第46夜 5・5 再び、河原の水切りの少年

5・5 再び、河原の水切りの少年

 

 柾木は、少年と二人連れ立って出かけた。出かけたのは、鯉のぼりではなく、等々力渓谷だった。陳腐な芸術肌の柾木に、五月五日に鯉のぼりを見に行くなんて、通俗なことはできなかった。それで、よく晴れていたから渓谷へ行くなんて、陳腐で安易な悪手を打った。

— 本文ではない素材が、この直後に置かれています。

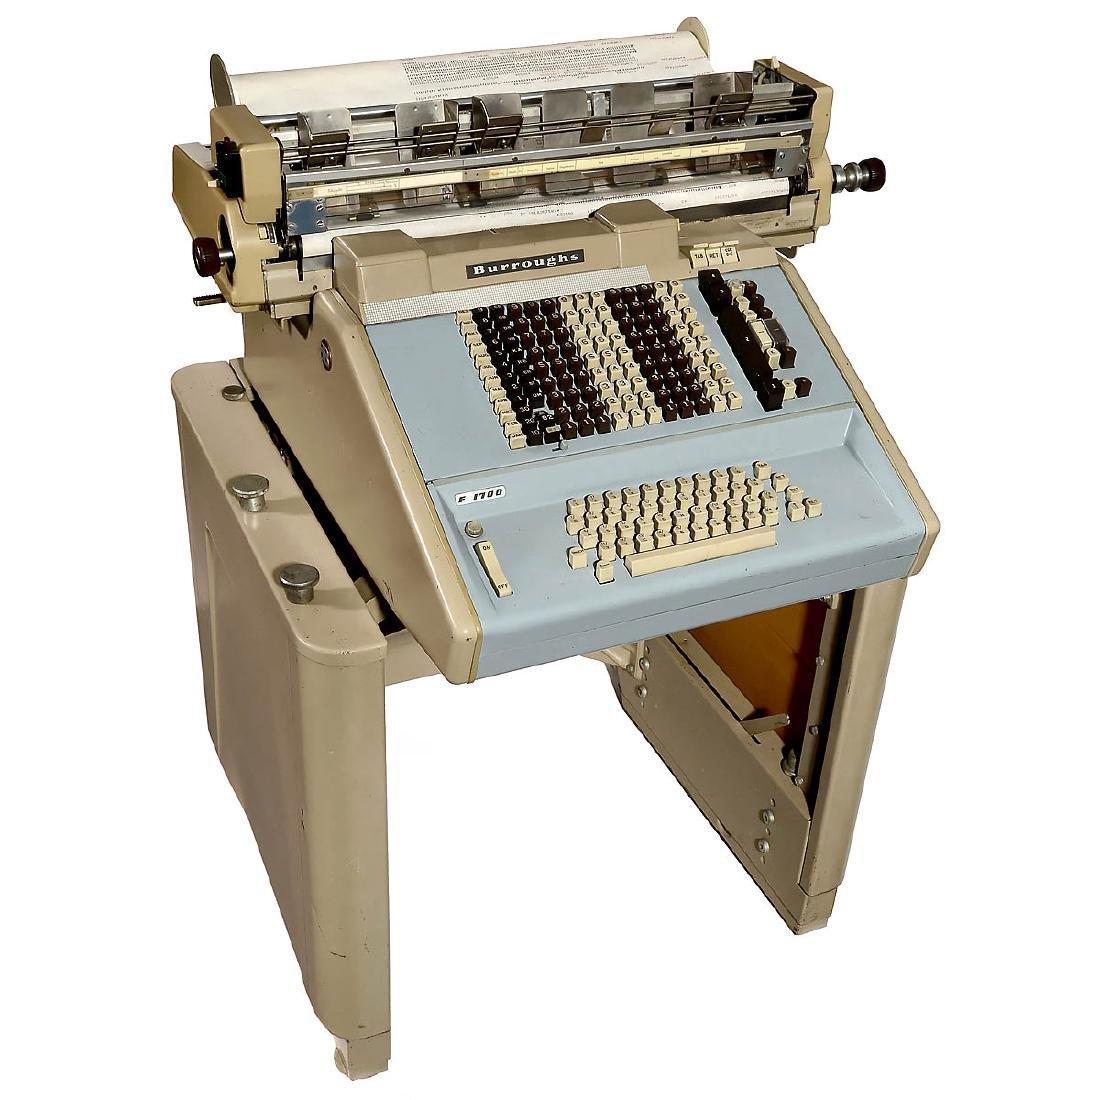 Alphabetic Acccounting Machine Burroughs Sensimatic, c.
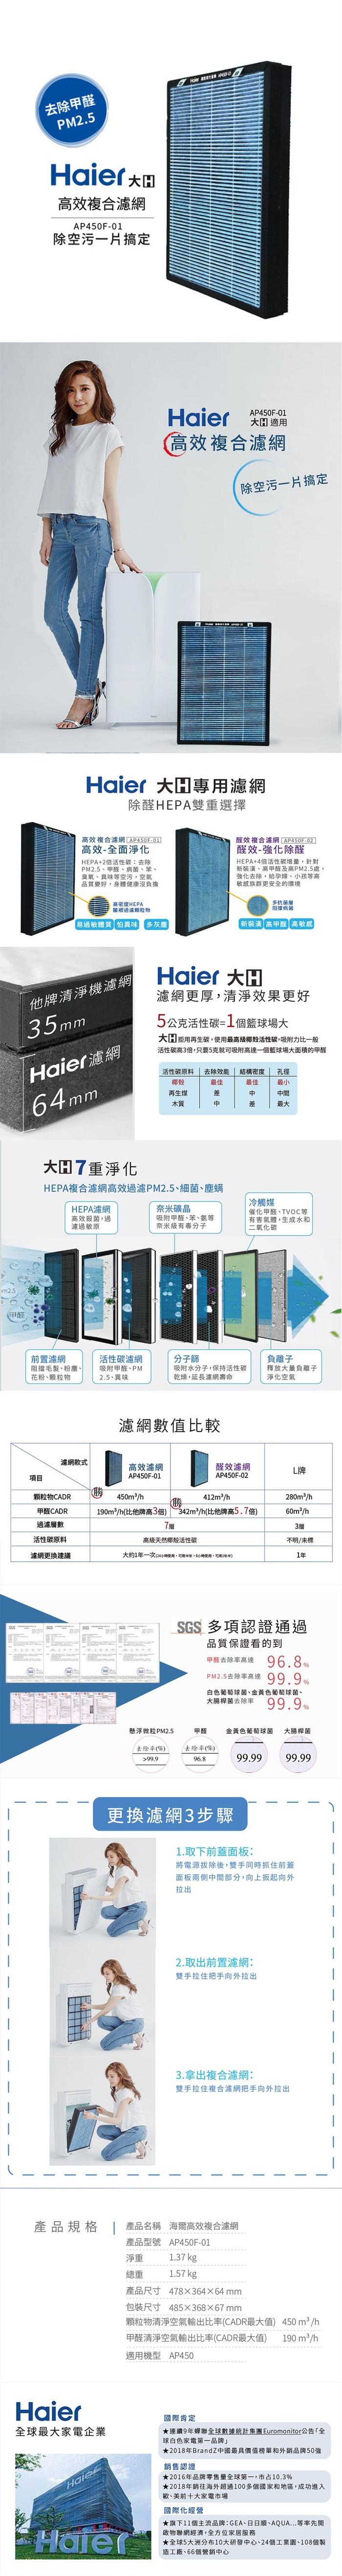 Haier|AP450F-01 大H高效複合濾網

 連休最後の等々力渓谷は、同じような考えの人々で溢れかえっていた。川べりをコンクリートで固め、その上に遊歩道を整備し、川底までもコンクリートの、夏休みの家族連れで賑わう都立なんとかウォーターパークよろしく、等間隔に石を配置してつくられた「大自然」。それが東京唯一の渓谷の姿だった。おあつらえ向きに用意された森は、「渓谷入口」の看板のすぐ後ろから始まり、「渓谷出口」で律儀に終わっていた。多摩川へ続いている渓谷の水は、看板のすぐ後ろで住宅地を流れるドブ川に姿を変えた。

 柾木はそのあまりに人工的な「渓谷」を、ひたすら毒づきながら歩いた。まったくここは、人間に支配されたもんで、おそろしい自然なんてものはありゃしねえ。ぜんぶ管理された人工じゃねえか。そのくせ、これをみて「大自然すごいね」なんて、まったく東京の人間にはもってこいだ。見栄とコンクリで塗り固めた高級住宅地の上級国民さまには、こんな絵に描いたような観光地がぴったりなんだよ。あいつら自然は好きだけど、舗装されてない道を歩くと死ぬらしいからな。まったくばかげてやがる。ほんと、東京らしいじゃねえか。

 少年は同調して笑っていた。二人は渓谷を後にすると、ドブ川に沿って多摩川へ歩いた。東京にかろうじて残された自然には、人はまばらだった。砂礫地帯の河原へ降りると、二人でしばらく水切りをした。

 柾木は、いつかの河原を思い出していた。だから、少年の写真は一枚も撮れなかった。河原で水切りの少年を撮れば、彼がいなくなってしまう気がしていた。(了)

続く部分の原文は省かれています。